Vermes brought on forward C.J. Sapong for midfielder Benny Feilhaber in the 74th minute of Saturday's match against Houston, then made a striker-for-striker switch in the 76th when he subbed in Dom Dwyer for Teal Bunbury.

But in the 84th minute, he pulled winger Jacob Peterson and put in Ike Opara as a combo third center back/defensive midfielder – the second straight match, following Wednesday night's 3-1 overtime victory over New England in the second leg of the East semifinals, that Sporting finished the match with all three of their top central defenders on the pitch.

“It's a combination of things,” Vermes told by phone after the match. “They were just pumping balls forward, and we wanted to make sure that we dealt with the aerial aspect of the game. The other is that he can be very dominant on set pieces, so in that regard it was important to have him.”

Sporting did have their chances, outshooting Houston 15-10, but Dynamo keeper Tally Hall had to make just two routine saves.

That's not out of line with what Vermes expected, though, after both sides had to go 120 minutes on Wednesday night.

“I thought we did one aspect of what we wanted to do, which is that we didn't want to give up any goals here,” Vermes said. “I thought that was an important aspect of the game tonight.

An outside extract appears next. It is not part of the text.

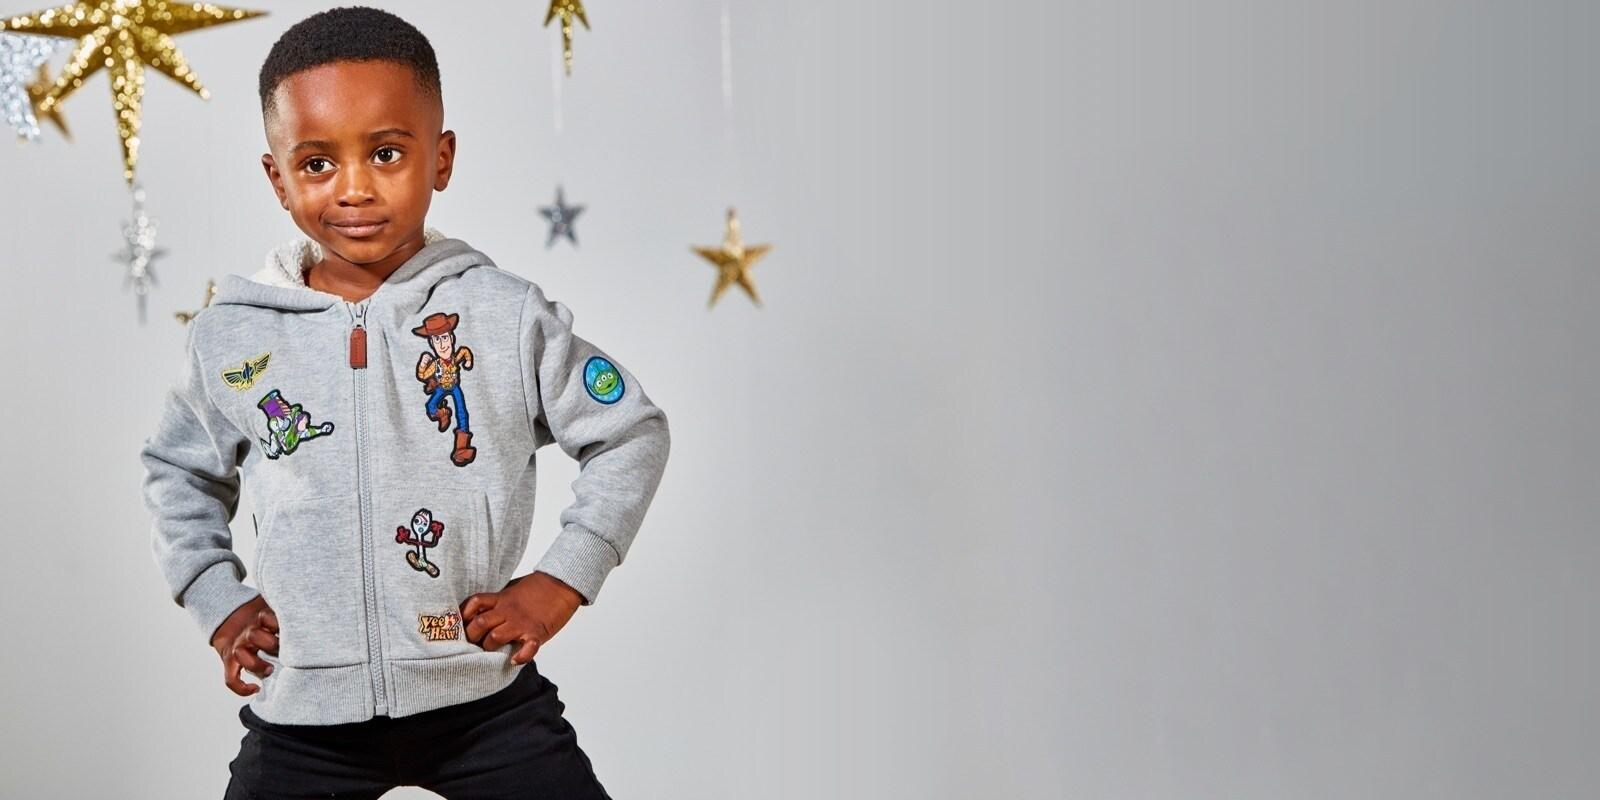 Der Junge, der Toy Story trägt, spornte Hoodie an

It wasn't an easy game to play in, and we got a result. Now, it doesn't mean anything. Now, it's just a final at home.”

Vermes went into the match with four forwards and two defenders among his seven reserves. Factoring in backup 'keeper Eric Kronberg, that meant a game-day roster with no spare midfielders.

Given that Paulo Nagamura had played 97 minutes on Wednesday, after being out for two months with a nagging ankle injury, that looked a risky proposition at the opening whistle. But Nagamura went the full 90 plus seven minutes of stoppage time, once again earning his manager's praise.

“Absolutely incredible by him,” said Vermes, who two days earlier had said he didn't think he could get another long performance out of Nagamura on such a short rest. “I can't say enough about his fighting spirit and ability to figure out a way how to get himself through another 90 minutes. It was amazing.”